Title: The Little Captain
(The Little Captain #1-3)

Author: Paul Biegel
Illustrator: Carl Hollander
Translator: Patricia Crampton

Genre: Children, Fantasy
First published: 1970
Publisher: Pushkin Children’s Books
Finished reading: May 12th 2022
Pages: 160
(Originally written in Dutch: ‘De Kleine Kapitein’)

“They went to have a look around, because before you go to sleep on an uninhabited island, you ought to find out if it really is uninhabited.”

*** A copy of this book was kindly provided to me by Netgalley and Pushkin Children’s Books in exchange for an honest review. Thank you! ***


I must have read multiple books by Paul Biegel back when I was little… While I don’t remember if I actually read the adventures of The Little Captain in Dutch back then, I thought this new release of the English translation was the perfect excuse to try one of his books as an adult.
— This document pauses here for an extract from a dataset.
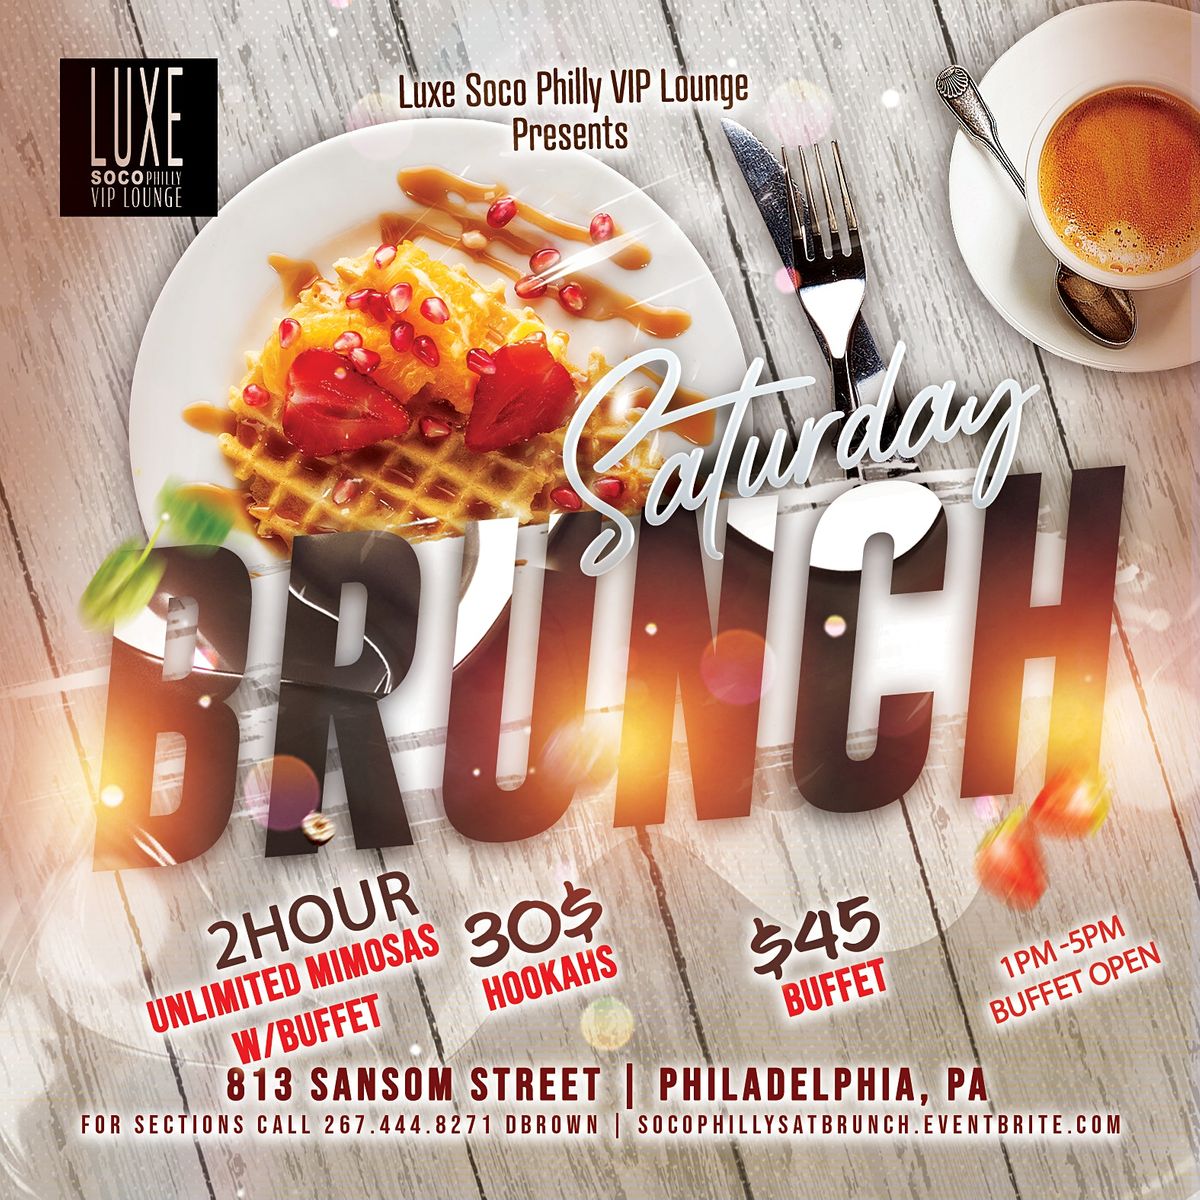 We Love Saturday Brunch | Soco Philly VIP Lounge |813 Sansom Street 1-5pm

What I didn’t realize was that this version is actually a bundle including all three books: The Little Captain, The Little Captain And The Seven Towers and The Little Captain And The Pirate Treasure. Not that I’m complaining of course, because it ment that I was able to read all three stories in one go! And I can definitely see why I enjoyed his books when I was younger, because this is a great story for both young and old.

The Little Captain takes place mainly at sea, where the little captain and three other children (Podgy Plum, Marinka and Timid Thomas) have adventures while navigating a little boat called the Neversink. It’s a fantasy world without too many details so it’s easy for children to use their imagination; the little illustrations included in the story a nice touch to help give an idea what the main characters and their adventures look like. I can imagine the writing being really appealing to the target group, and I liked the variety in personalities of the main characters; this will once again help children relate to them more easily.

Like I mentioned before, you actually get all three original The Little Captain stories in this bundle. The first one will take you to the island of Evertaller, a volcano island and a misty city; all three locations for adventures that are both fun and just suspenseful enough to keep children fully engaged. Then it’s time for book number two, with a sea garden, the Land Of Nonsense And Knowledge with seven towers and hard labors, an enchanted ship and another island. Last but not least, book three will be all about the treasure and their travels to return it to its owners. The first is probably my favorite, but all three are very entertaining to read.

In short, if you are looking for a fun children’s book that mixes adventures and a drop of suspense with humor, this translation of a Dutch children’s classic is a great choice. Come join the little captain on board of his Neversink and enjoy exploring the (fictional) sea and islands along with the other characters!